American DJ and hip hop producer

Mr. Dibbs (born Bradley Duane Forste) is an American DJ and hip hop producer. He is the Founder of 1200 HOBOS [dj/graff collective]. He was also one of the founders of Scribble Jam.

==Early life==
Born in Cincinnati, Ohio, Forste was introduced to DJing around 1985, when he saw Grandmaster Flash performing on the syndicated light news/entertainment show PM Magazine, but "didn't really understand what he did." After watching an MTV broadcast of Grand Mixer DXT performing with Herbie Hancock on the latter's 1983 single "Rockit," he learned the hand motions and began to learn scratching himself. He estimates that he spent six months "getting the hang of" scratching, subsequently spending two years "cutting and scratching to whatever was on TV" to practice.

==Career==
Mr. Dibbs formed his own turntablist crew 1200 Hobos in the early 1990s. The crew's rotating line-up has included Doseone, Jel, Buck 65, Sixtoo, Adverse, DJ Signify, DJ Mayonnaise, DJ Skip among others, and at its largest numbered 23 members. They have released two mixtapes.

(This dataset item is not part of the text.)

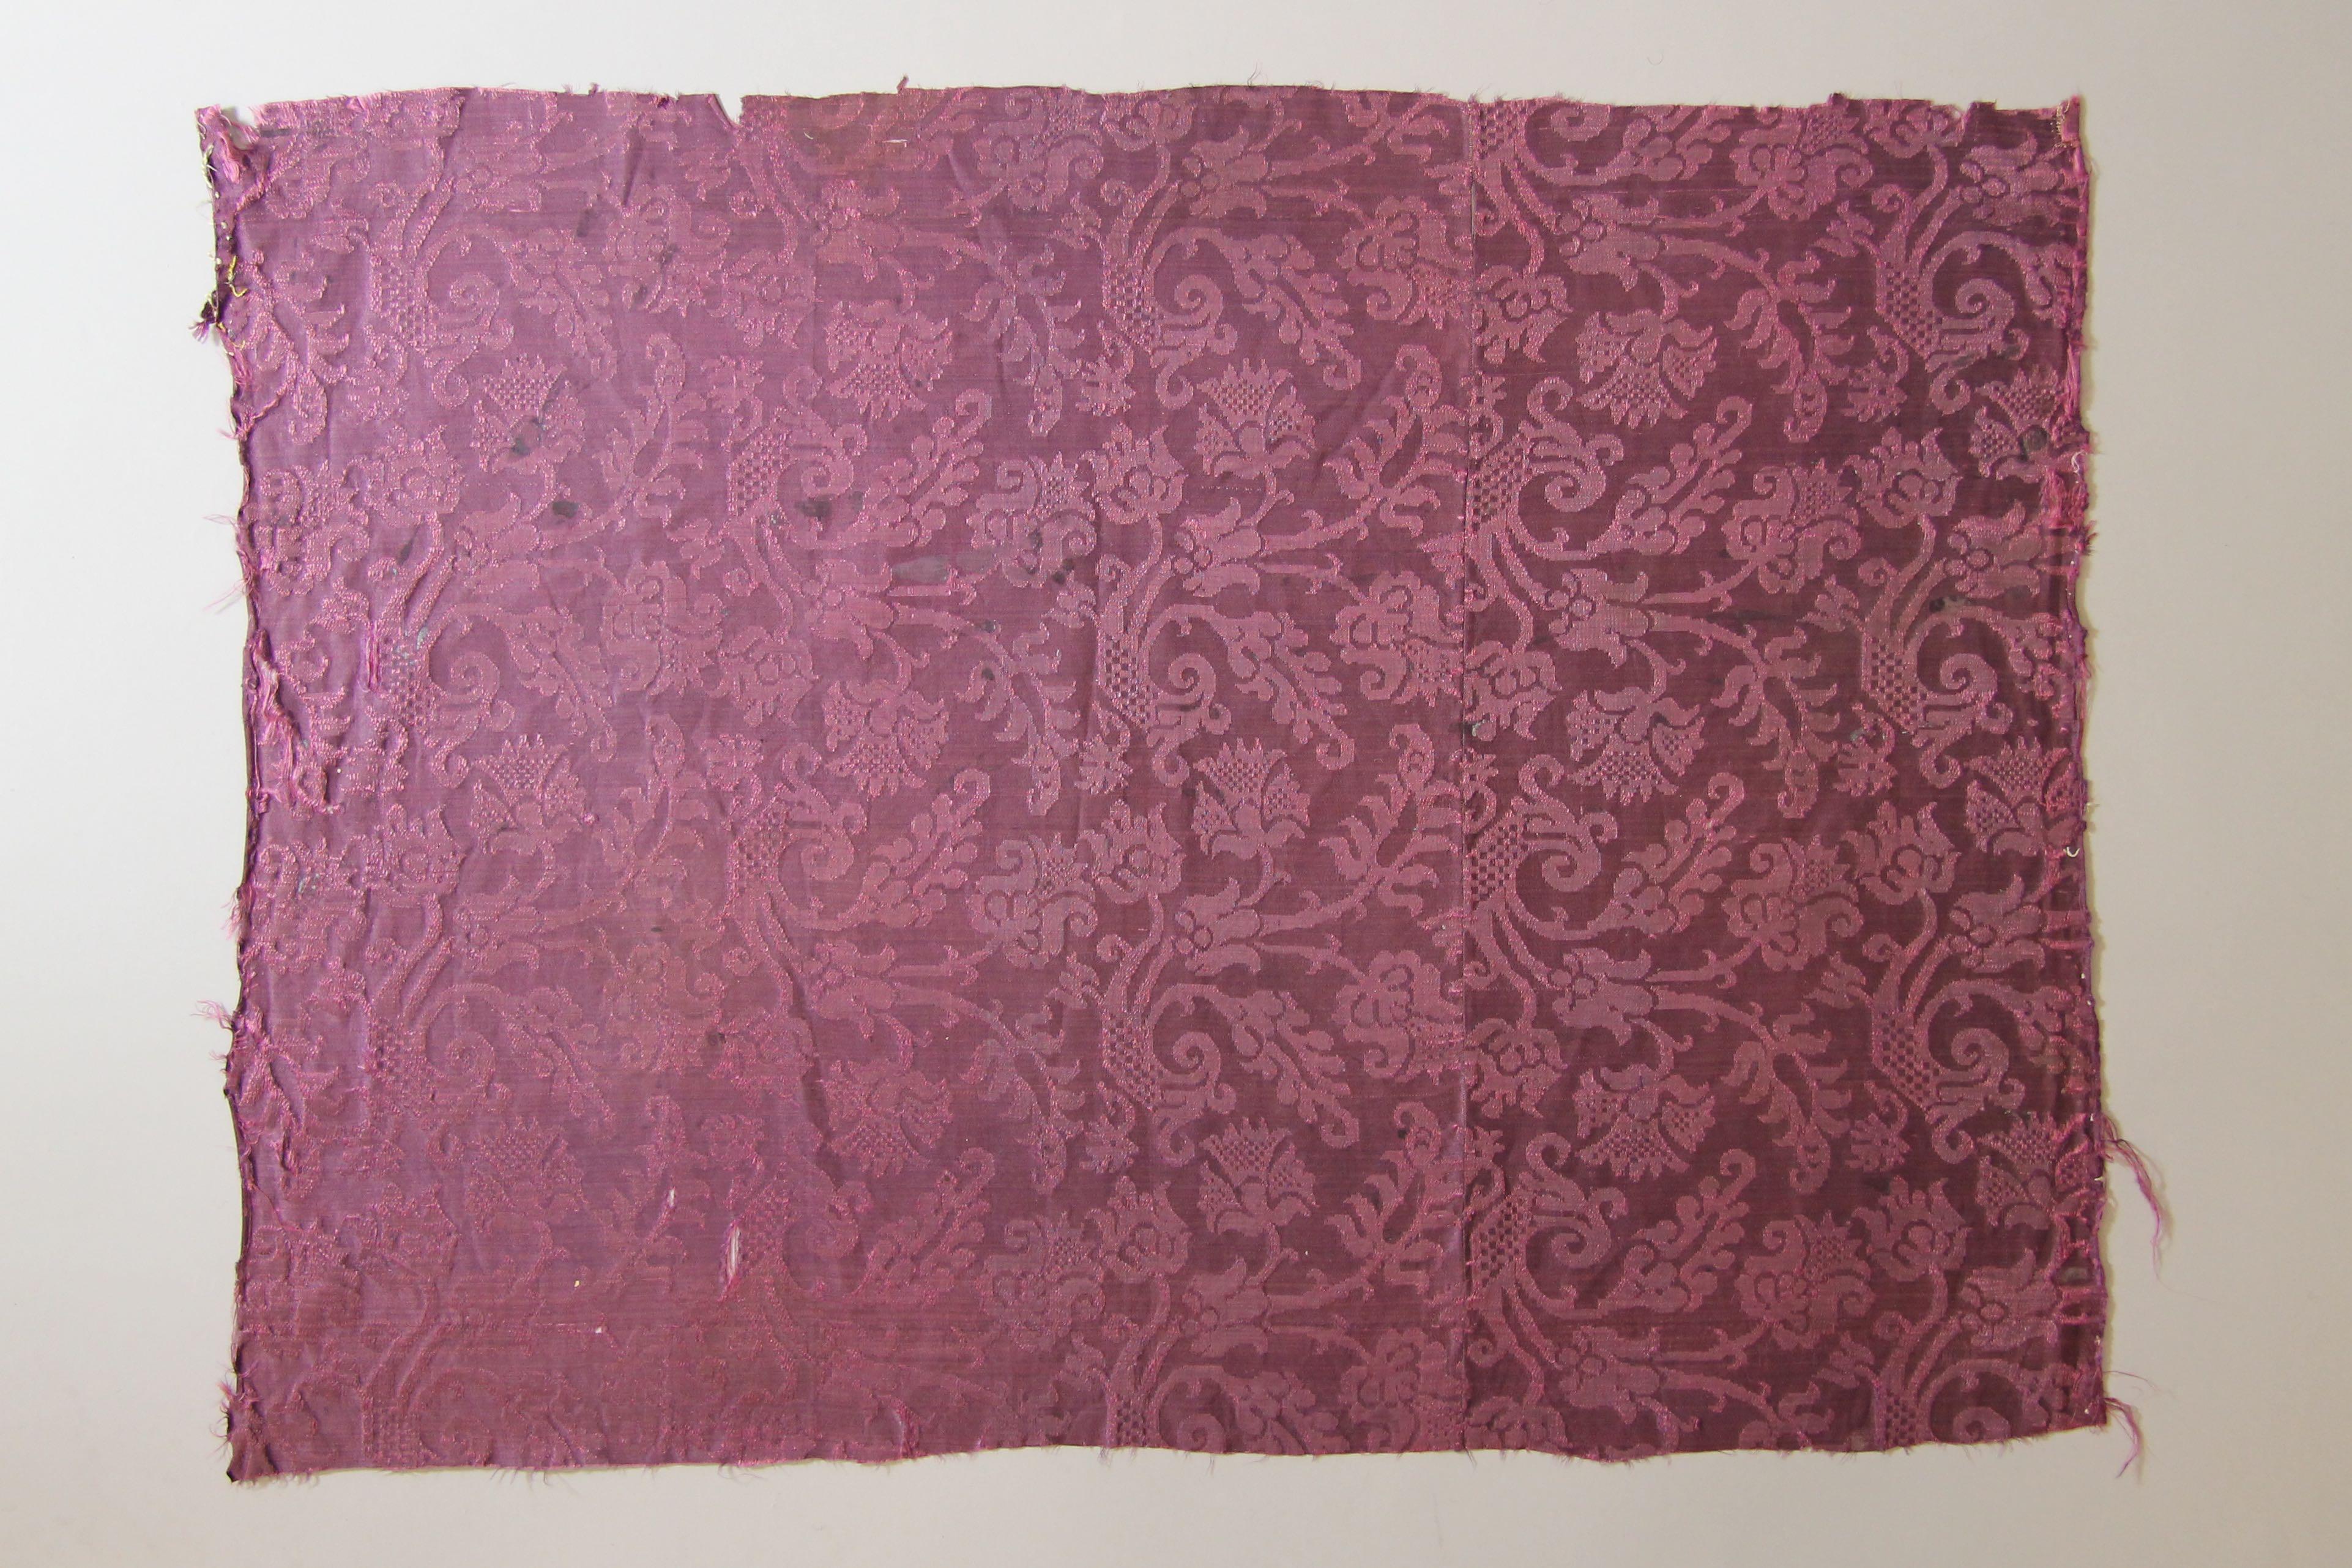 Panel of silk damask (fragment)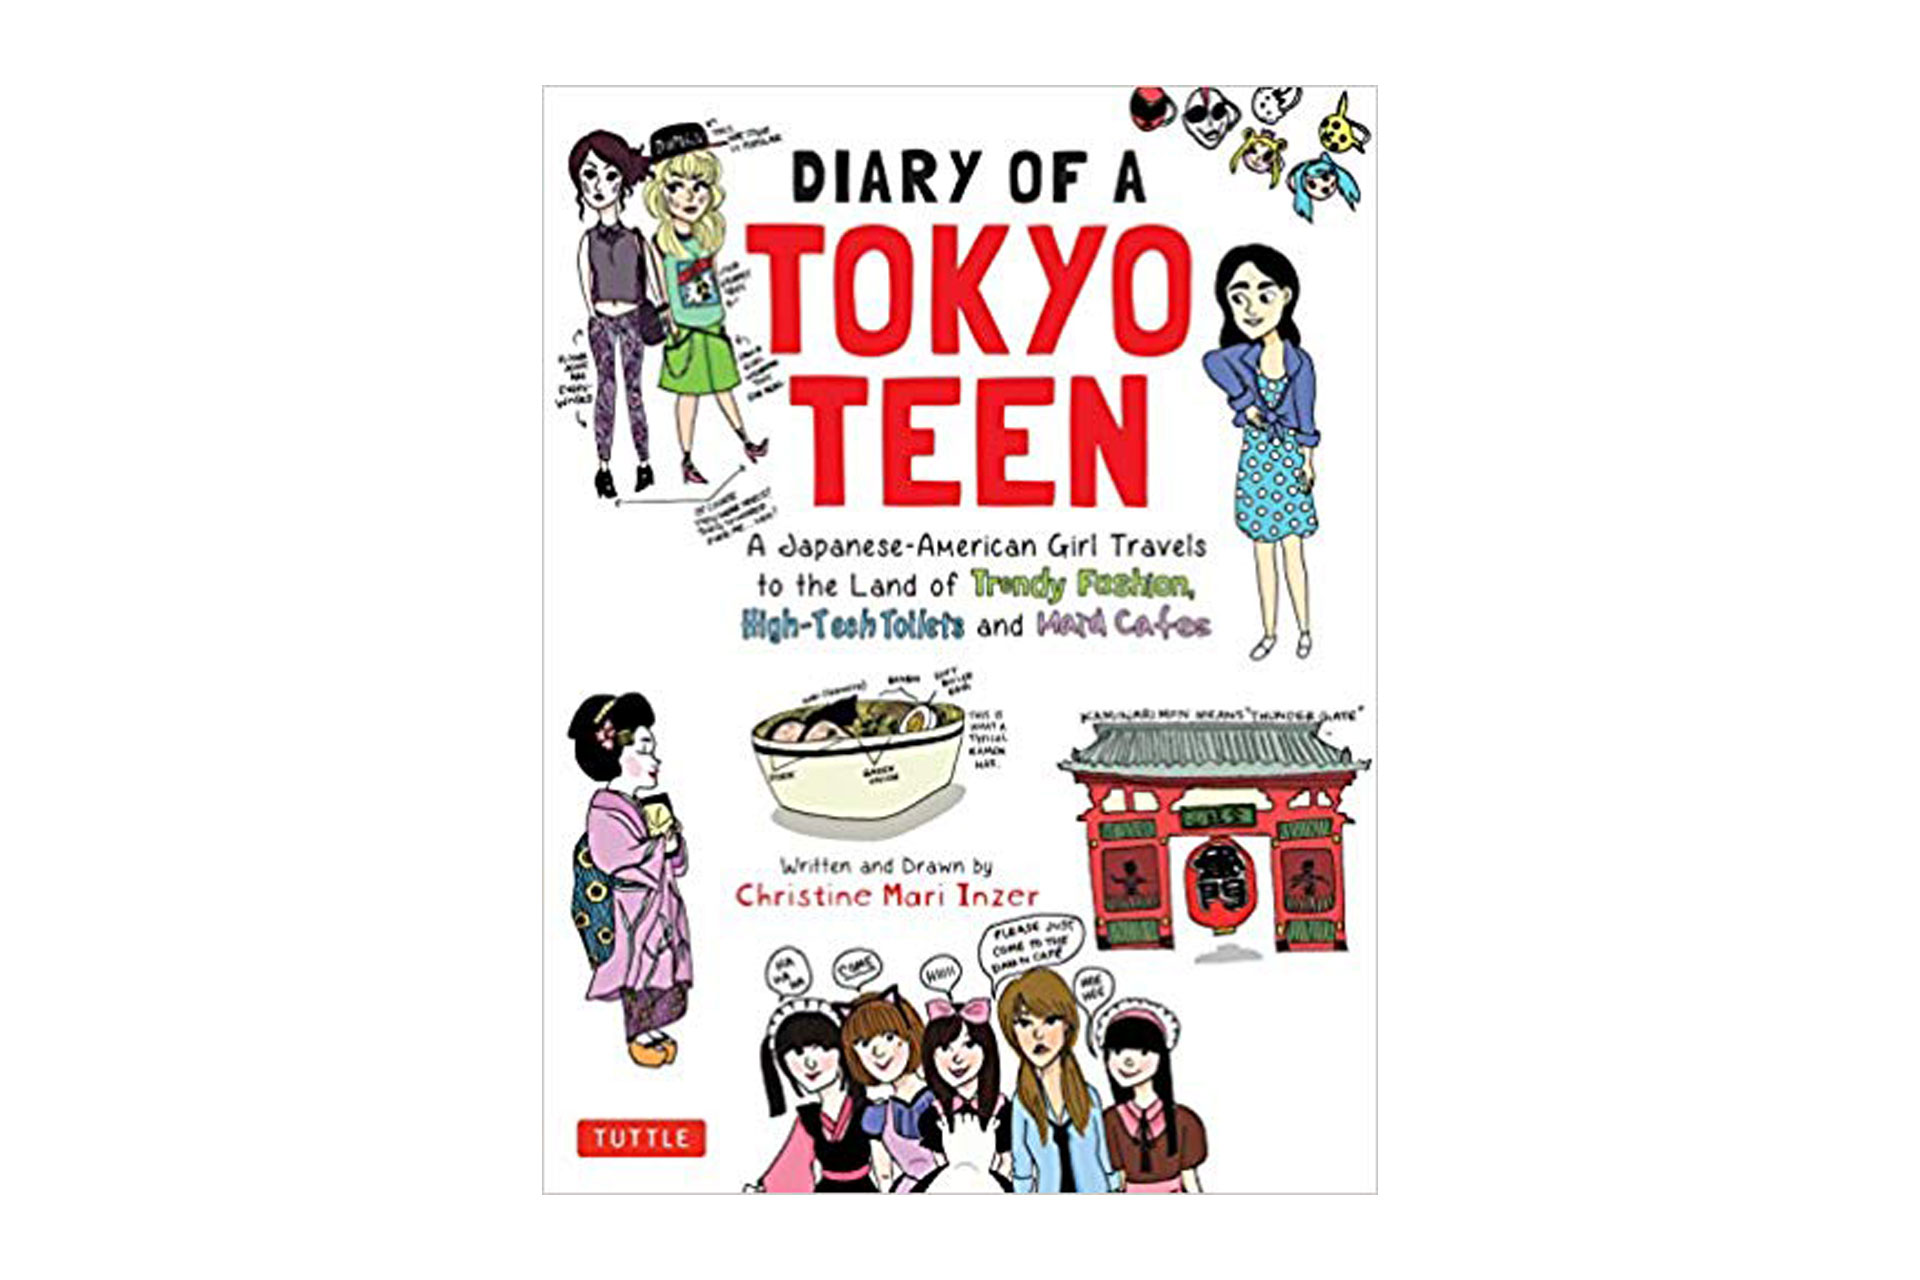 Diary Of a Tokyo Teen Book; Courtesy of Amazon

In addition to 1200 Hobos, Mr. Dibbs has also been touring DJ for Atmosphere and El-P. With Doseone and Jel, he is also a member of Presage, who released one album Outer Perimeter in 1998.

In 1996, Mr. Dibbs teamed up with graffiti magazine Scribble to put on the first Scribble Jam event as a promotion for the magazine's launch. The event has since become America's largest hip hop festival with separate competitions for rapping, DJing, graffiti, b-boying and beatboxing. Its past participants and guests have included Juice, Eminem, Adeem, P.E.A.C.E., Eyedea, Sage Francis, Mac Lethal, Rhymefest, Nocando, MF Doom, Skratch Bastid and DJ Abilities.

Mr. Dibbs' Turntable Hardcore series of albums was notable for its genre-straddling approach, blending a wide variety of styles along with more usual hip hop turntablism.

==Discography==
===Solo records===
- Turntable Scientifics (Four Ways To Rock, 1995, CD reissue 1998)
- Live in Memphis (Stereo-Type, 2000)
- Primitive Tracks (Cease And Desist, 2000)
- Unearthed Vol. 1 (Cease And Desist, 2000)
- Unearthed Vol. 2 (Cease And Desist, 2000)
- Unearthed Vol. 3 (Cease And Desist, 2000)
- Abduction Of The Times 6.66 (Mary Joy, 2001)
- Random Vol. 1 (Puddles Frothingsquat, 2002)
- Random Vol. 2 (Puddles Frothingsquat, 2002)
- Random Vol. 3/Sad Clown Bad Dub 7 (2003)
- Outreach 5 (Rhymesayers Entertainment, 2003)
- The 30th Song (Rhymesayers Entertainment, 2003)
- Turntable Hardcore (Puddles Frothingsquat, 2003)
- Turntable Hardcore 2 (Puddles Frothingsquat, 2004)
- Ugly and Proud Vol. 1 (Shake It!, 2004)
- Ugly and Proud Vol. 2 (Shake It!, 2004)
- Ugly and Proud Vol. 3 (Shake It!, 2005)
- Eat Meat (2003)
- Eat Meat 2 (2007)
- ′′DeadWorld Reborn′′ (2012)
- "Below The Threshold" Single - [INIM E.G. 2023]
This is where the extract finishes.